Definition of global entrepreneur

Global entrepreneurship is a trait or characteristic in our definition of a global leader. Global entrepreneurs are professionals who use their global understanding and connections to identify transnational and cross-cultural opportunities and turn them into new value-creating initiative. While entrepreneurship usually means the creation of a new business, the scope of many global leaders' efforts go beyond business creation. Value creation obviously happens in established companies every day and many global leaders act as intrapreneurs pursuing opportunities from within an organisational context. Furthermore the term global entrepreneur recognises that not only businesses create new value - many global entrepreneurs operate from within the non-profit world establishing international social enterprises.

Global entrepreneurs typically create value in three distinct ways:

- The first is by tapping into commonalities – or convergence - between markets and cultures. This approach is common for organisations trying to bring a standard brand promise to diverse cultures, such as global brands Nike or McDonald’s. Alternatively it is companies like Intel that are bringing broadly applicable, convergent technological solutions to diverse communities.

- Conversely, global entrepreneurs may tap differences – or divergence - among regions in order to access distinct comparative advantages. Some IKEA products, for example, are designed in Sweden and assembled in China using African cotton and Polish plywood. 

- Global entrepreneurs also access networks and create value by building platforms that allow global exchange.  Hong Kong-based Global Sources, for example, uses a standard trading platform to facilitate exchange between suppliers in Asia and clients around the world. 


Lalit Ahuja, director of Target India, acts as a global entrepreneur within the context of his organization.
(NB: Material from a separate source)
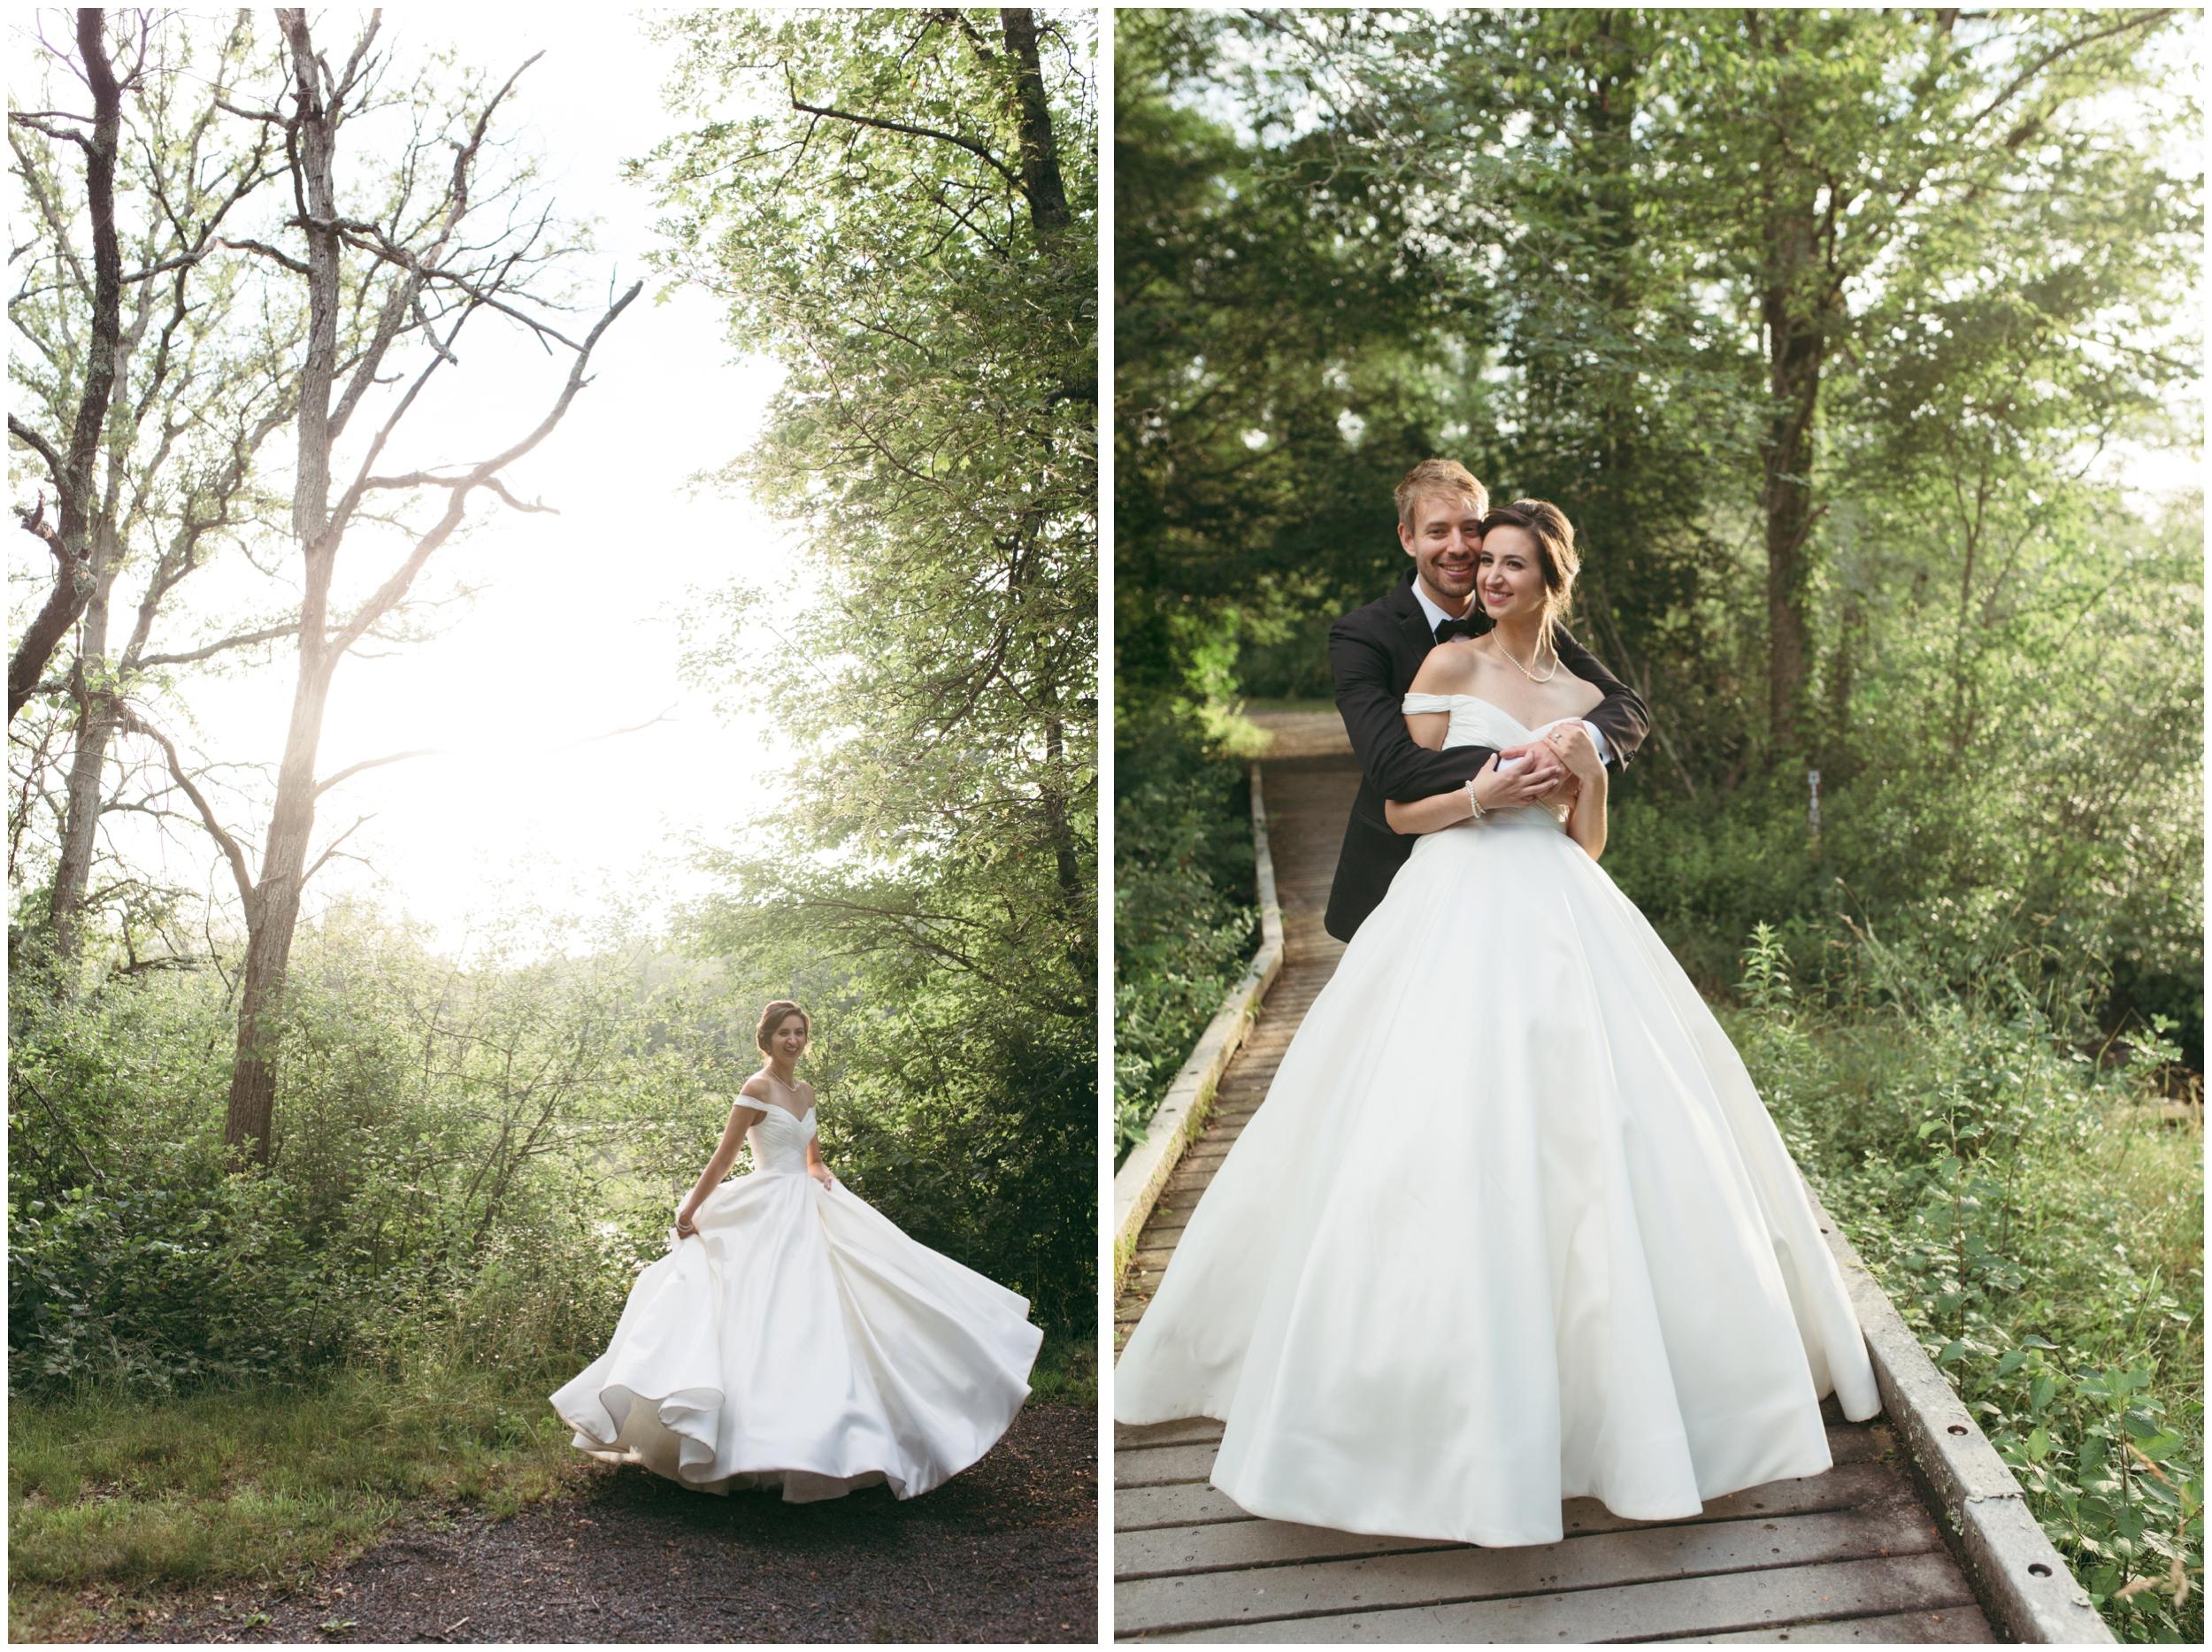 Willowdale-Estate-Wedding-Bailey-Q-Photo-Boston-Wedding-Photographer-064.JPG

His effort have ensured that the advantage Target gains from its Indian operation is not mere low-cost commodity services and labor, although such activity is an example of tapping regional divergence. Ahuja’s work has also focused on creating shared platforms and network for high value activities.  According to Ahuja, in the companies he worked for prior to Target he found an obsessive focus on cultural difference.

“I spent a lot of time managing perceptions and educating people on both sides of the ocean on how to work across cultures,” he says. “It was unproductive and ultimately produced work that wasn’t relevant.” In building Target’s Indian headquarters he took a different tack. He placed the emphasis, not on cultural differences, but on forging a shared corporate culture with Target’s headquarters. In Ahuja’s words, it was critical that everyone who worked for Target was “the same shade of red". This common cultural platform ensures that the true value Target India is the ability it gives Target to pursue high-value initiatives 24 hours a day, handing projects between time zones across a shared cultural platform. The first major project undertaken by Target India, for instance, was leading the high profile redesign of a Target store in Arizona. [1]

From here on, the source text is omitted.